Open Sourcing Modern Acupuncture: Part Four, Stamina

Recently I had an interesting conversation with a prospective POCA Tech student, who described to me his efforts to research acupuncture schools. He told me that he spoke with a current student at a Classical Chinese Medicine program, who reacted with horror when he heard that the prospective student was considering POCA Tech. Apparently the CCM student exclaimed, “I would never allow anyone from THAT SCHOOL to give me acupuncture!”

The prospective student looked at me — the Director of That School — expectantly.

“Well,” I said, “in terms of patients, he’s not exactly our target demographic.”

I remembered this conversation when I was thinking about Modern Acupuncture, and about target demographics, and what ordinary people (as opposed to Classical Chinese Medicine students) want from acupuncture.

Something that POCA and Modern Acupuncture agree on is that people who want to get acupuncture don’t like to be surprised. Acupuncture treatment plans for any condition, but particularly for chronic conditions, are not best executed in a chaotic environment, or even just one where the hours and the location change frequently.  Important things that acupuncture clinics can provide to patients are consistency, stability, and predictability. Before I was a community acupuncturist, when I was doing what a lot of acupuncturists do and changing my practice location and my hours every 6 months or so, I was lucky enough to have a small group of loyal regulars who followed me around. That was kind of them, but not particularly good for them. (Or for me, but that’s a different story.) And it was a small group of patients who were loyal to me, personally, not a big patient base that had deep confidence that a clinic would be there for them and their loved ones. As I said, I wasn’t a community acupuncturist then.

Something we tell POCA Tech students regularly is that, to be a successful community acupuncturist, you need to be OK with being boring (and bored) in a certain way. You need to like routines; you need to like doing some of the same things over and over. Because people show up to a community clinic with the same problems, over and over. Back pain, neck pain, sinus congestion, anxiety; you have to be prepared to address them over and over, because even though they’re old hat to you after awhile, for any given patient, any one of those boring-to-you problems might be what’s standing between them and a decent quality of life. And if you know what works, that’s what they’ll want you to use, no matter how many times you’ve used it before and how unexciting it is to you at that point. Fortunately multiple strategies work for acupuncture, and you can mix up your approaches to keep them interesting to you while still being effective for your patient. But if you are expecting every treatment to be a transcendental revelation of the beauty of Classical Chinese Medicine, you should not be working in a community acupuncture clinic.

And here’s the thing about working in and/or managing an acupuncture clinic that has grown into being a collective resource for its surrounding community: you can expect ongoing waves of patients who are just now discovering the effectiveness of acupuncture, because one of their family or friends got good results. So here they are, prepared to be astonished by your most routine treatments when they get relief for something that’s been bothering them forever. It’s same-old same-old for you, but new and wonderful to them. So, beyond being boring and consistent on an individual patient level, you get to be boring and consistent for ever-expanding networks of patients. For generations. For decades. If you’re really good at this, your reward is to be fractally boring.

You’d better like people at least as much as, and probably way more than, you like acupuncture theory.

Also, punking is a long game. From the perspective of the community surrounding any given clinic, one of the most valuable attributes a punk can bring to work is stamina.  Stamina is right up there with empathy in terms of punk virtues.

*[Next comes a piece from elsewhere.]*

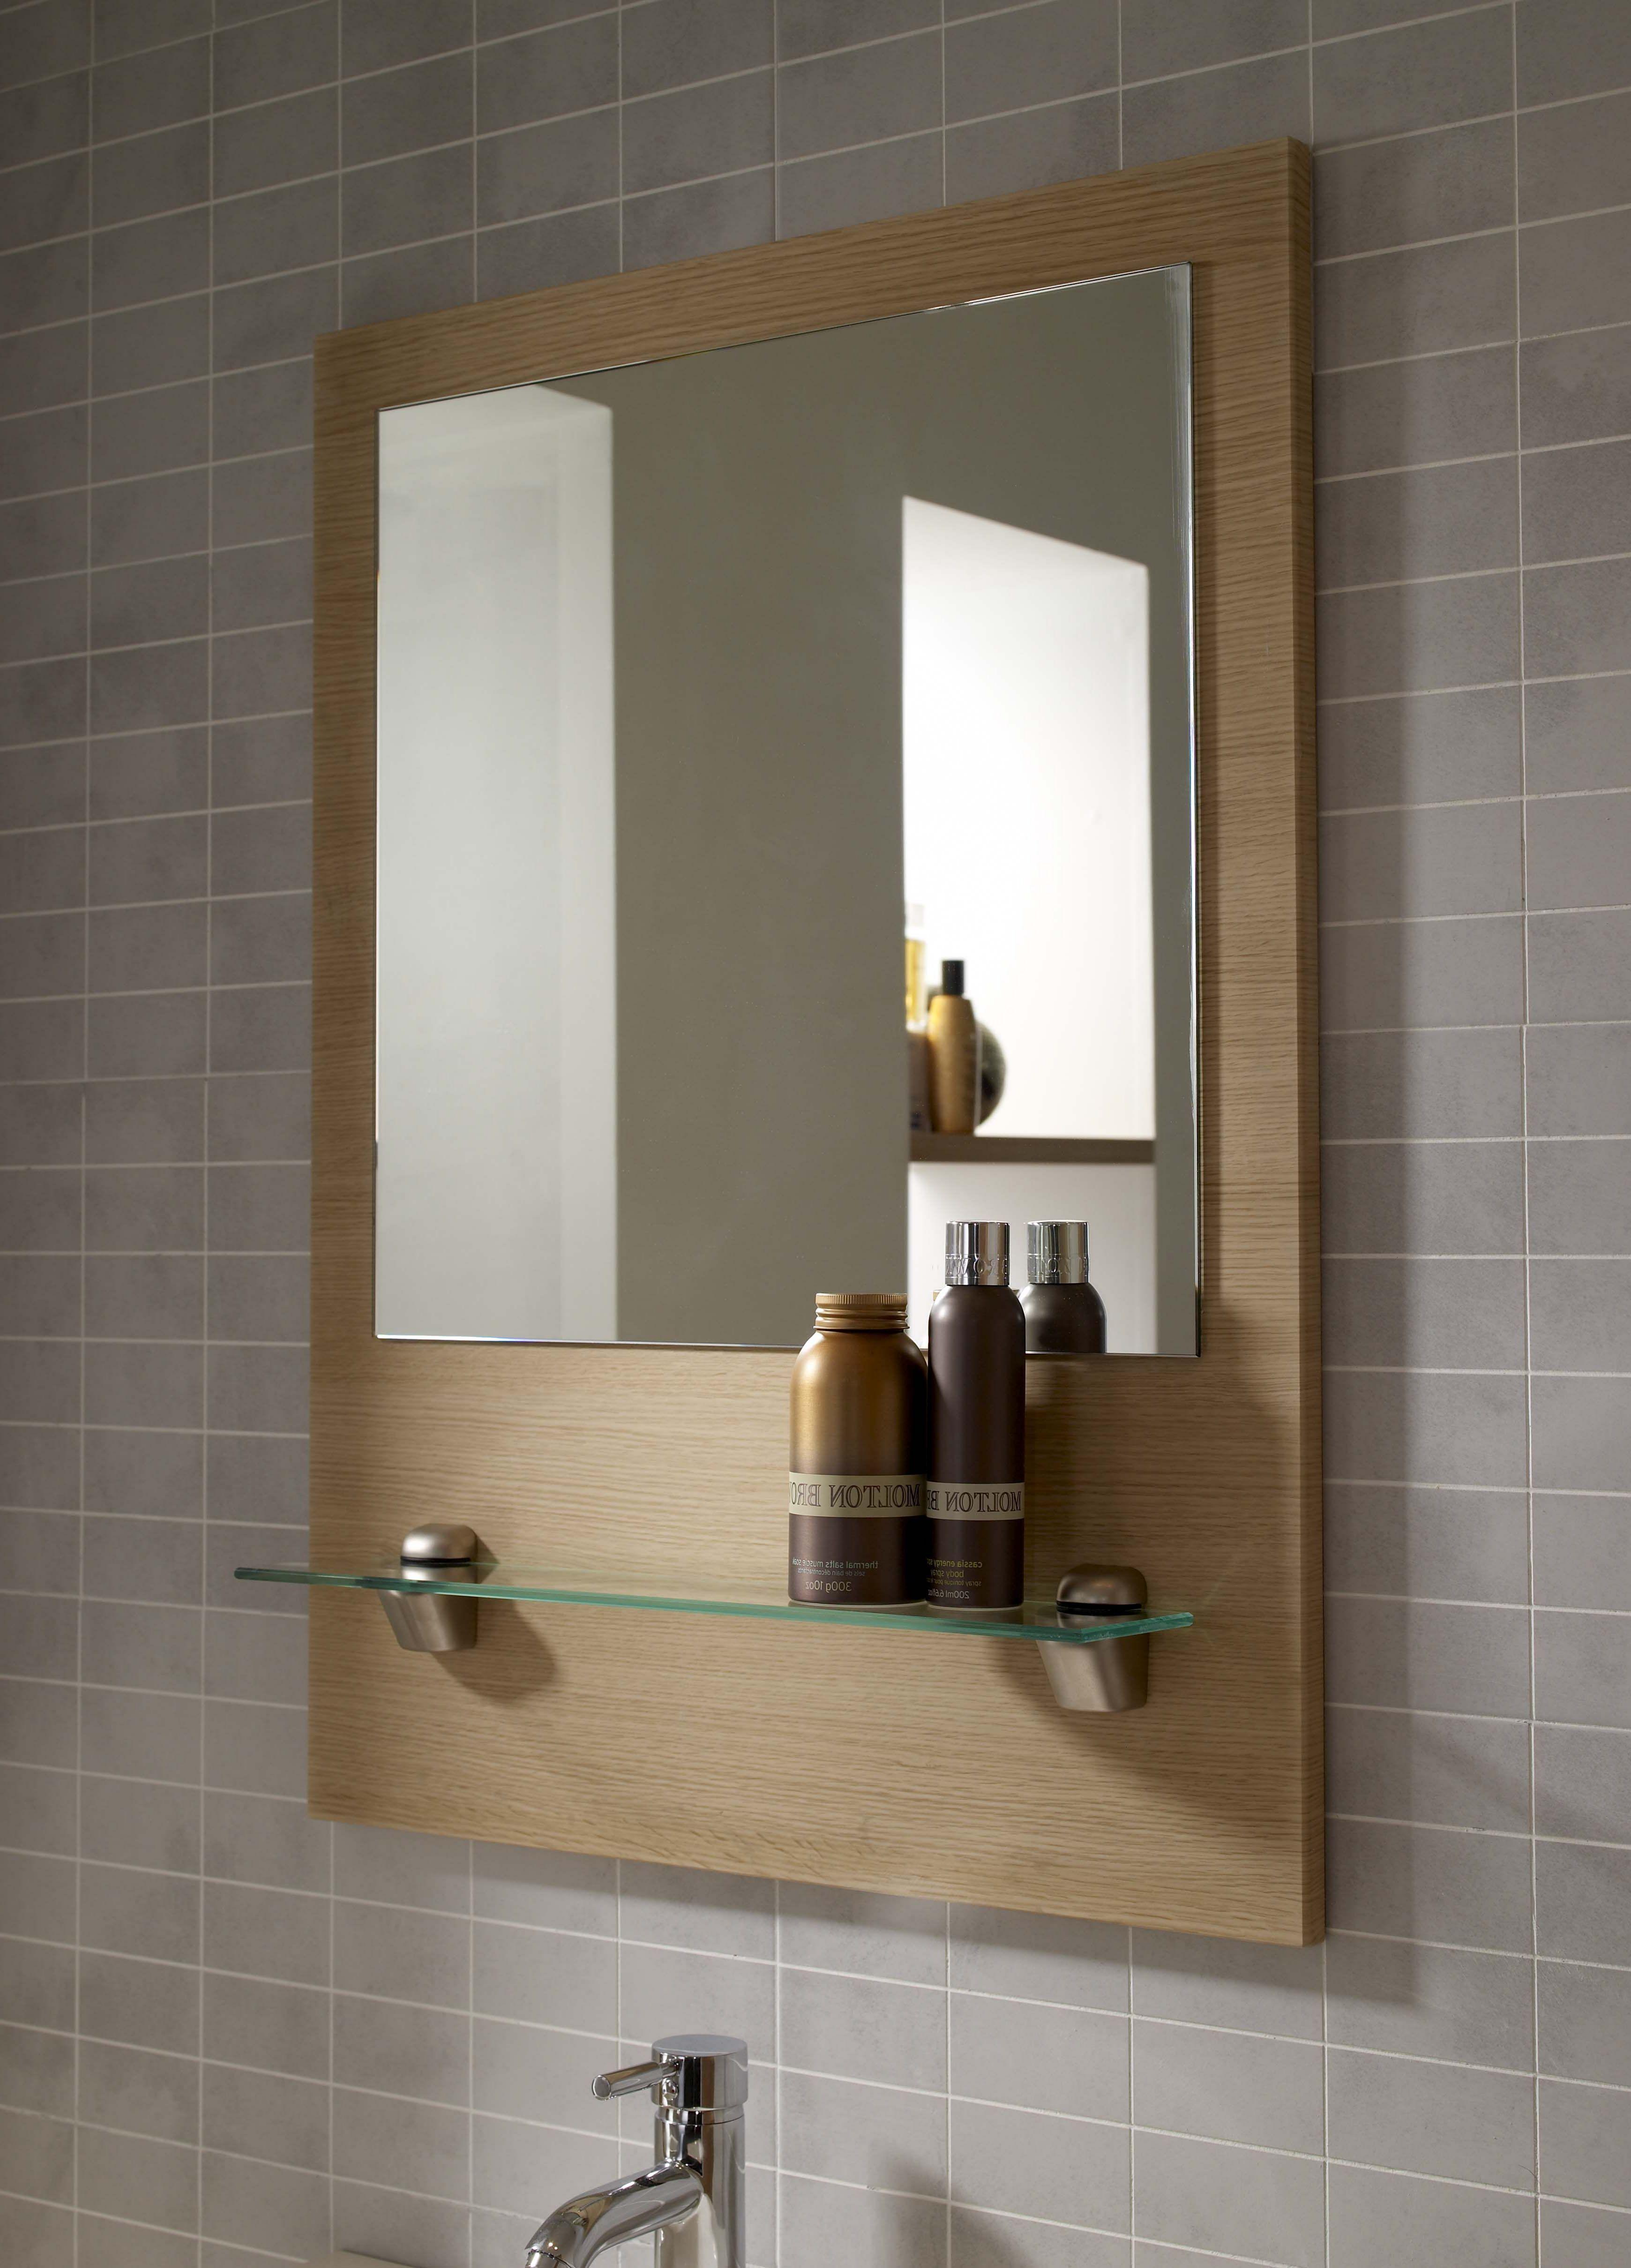 10 Comfortable Bathroom Accessories Ideas To Complete Your Bathroom Design Decorating Bathroom Mirror With Shelf Bathroom Mirror Frame Industrial Bathroom Mirrors [ 4838 x 3480 Pixel ]

Physical, mental, and emotional staying power; endurance, determination, perseverance, grit.

Related to this: unless #letstingle turns out to be a game changer, what’s true about marketing community acupuncture is: you can’t. You have to be prepared to sit tight and wait for the right patients to find you and your clinic. The only marketing that really works, long term, is relationship-building. And you need stamina for that, too, for showing up day after day, ready to build the next relationship.

If you’re a clinic owner, or manager of a nonprofit, you also need stamina to maintain the clinic structure itself. Or as Cris described it in a prior comment, “the joyful personnel- bookkeeping- schedule-writing-supply-chain-learning-curve-IT-headache-parking-nightmare.” Like punking itself, there’s a lot of repetition involved. The same things need to be done over and over, and familiarity doesn’t necessarily make them more interesting.

As we get accustomed to having our own acupuncture school, we’re realizing that stamina is something we need to talk about more with our students, along with its corollary, learning how to manage your own energy so you can save as much of it as possible for the long haul. Meaning, knowing what not to waste your energy on; seizing opportunities for tiny hacks that add up to long-term savings, so that your clinic will be there in 5 or 10 years for the person who needs it then. For example, finding ways to do the things that have to be done in ways that you enjoy, or at least don’t hate, as opposed to “the right way”. Because you just can’t make yourself do too many things you hate when you’re running a business — not if you want to stay in business. It doesn’t matter if you’re doing your social media “the right way” if the right way wears you out; you won’t be able to keep it up and then it won’t matter.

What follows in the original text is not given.